Ultimately, though, the accuracy of the information in the loan application is still the borrower’s responsibility.
Potential program expansion
The House passed legislation last week that has the potential to have the most impact on the PPP, an amendment to CARES called the Paycheck Protection Program Flexibility Act of 2020.
If the Senate approves the bill as is, it would:
- Extend the “covered period” for PPP loans from eight to 24 weeks.
- Change the use of funds forgiveness requirement from 75% payroll costs/25% non-payroll costs to 60% payroll costs/40% non-payroll costs.
- Create a safe harbor for employers that made a good faith effort to hire or rehire qualified employees.
- Extend the maturity of PPP loans from two to five years.
- Allow PPP loan recipients to defer payroll taxes through the end of 2020.
The extension of the covered period, said Jimmy Christianson, vice president of government relations at the AGC, is the most important potential change “because timing is everything.” He said this element of the bill is most important for those companies that were early participants in the PPP because their covered period is set to expire soon, if it hasn’t already done so.
“And we have a lot of members that still [have] backlog and are doing their best to continue to secure that backlog. … So the ability to extend that eight-week period to 24 weeks is extremely helpful.”
Changing the payroll/nonpayroll expense ratio, allowing some flexibility when it comes to keeping employees on the payroll or rehiring them in an environment where they might not want to return to work, extending the repayment period from two years to five, and letting contractors defer payroll taxes are all things that will give them the best chance of survival, Christianson said.
As the Senate takes on the work of trying to reconcile the House bill with its proposals, attorney Paul Pollock with Crowell & Moring said the program might also see a revamp in the loan forgiveness application, which is complicated and burdensome in the way that companies calculate how much of their loan is forgivable.
“We can probably expect,” he said, “that this whole forgiveness application is going to get reinvented at some point in the next couple of weeks.”

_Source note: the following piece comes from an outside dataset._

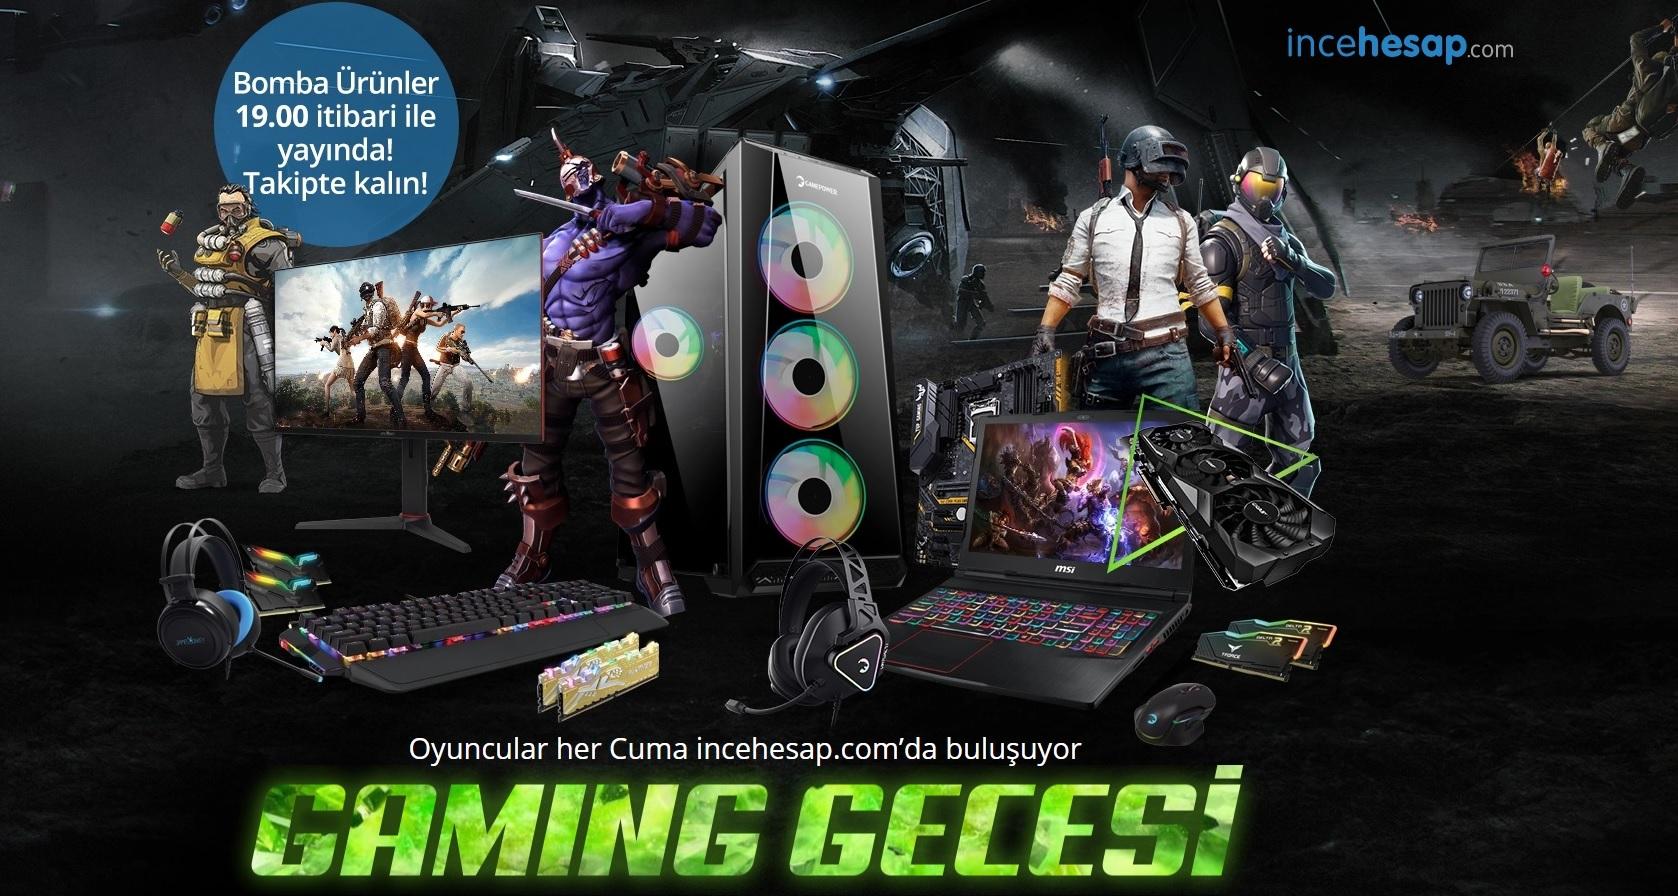 incehesap-com-gaming-gecesi-kampanya-fiyatlari-en-son.jpg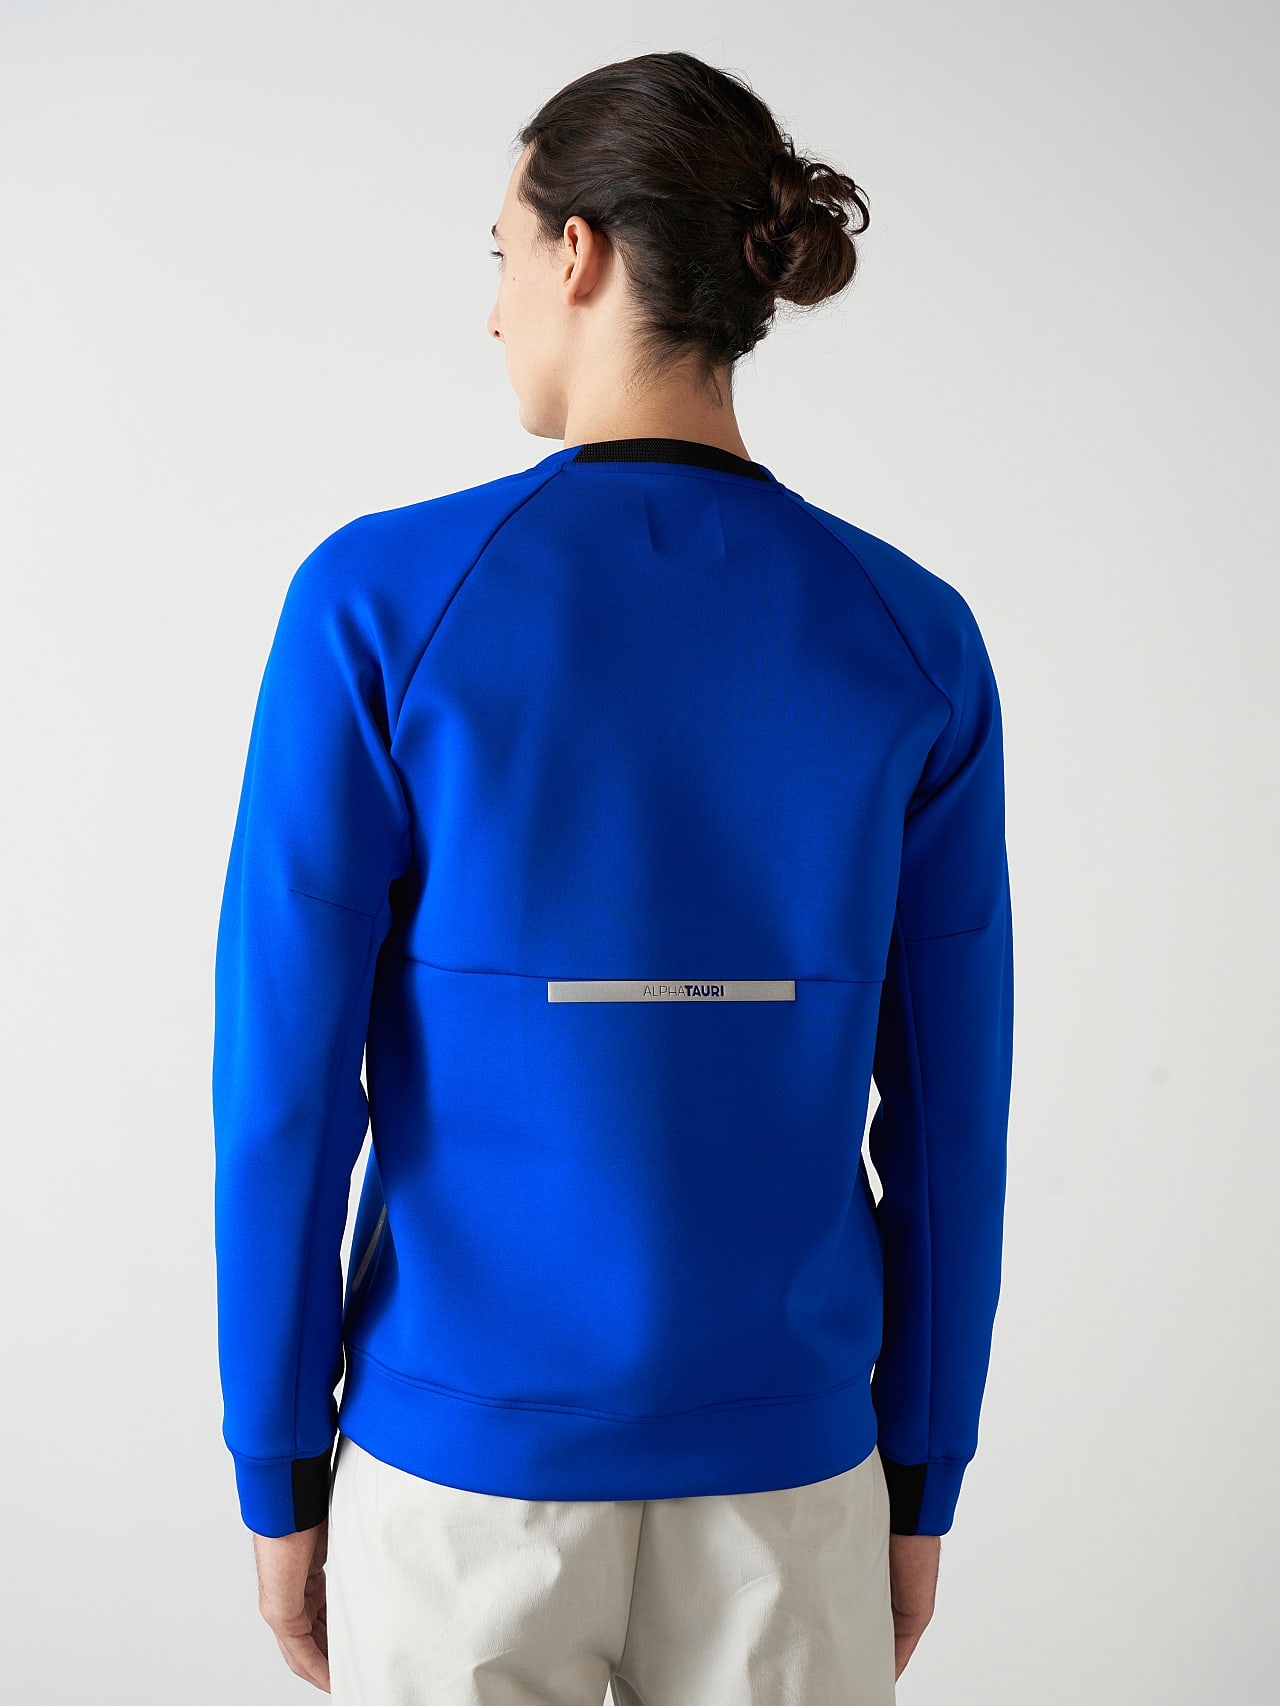 SUPRA V3.Y5.01 Technical Crewneck Sweater blue Front Main Alpha Tauri

However, Lombardo said, unless relevant changes are made to the forgiveness decision timeline, between the approvals needed from the SBA and the lender, it will still take up to 150 days before the SBA approves forgiveness of PPP loans.
The bottom line, Christianson said, is that the legislation will help contractors stay in business, as long as the Senate acts in a timely manner.
“My biggest fear is that by the time they decide it’s time to deal with infrastructure,” he said, “the [contractors] they need to deal with are not going to be there.”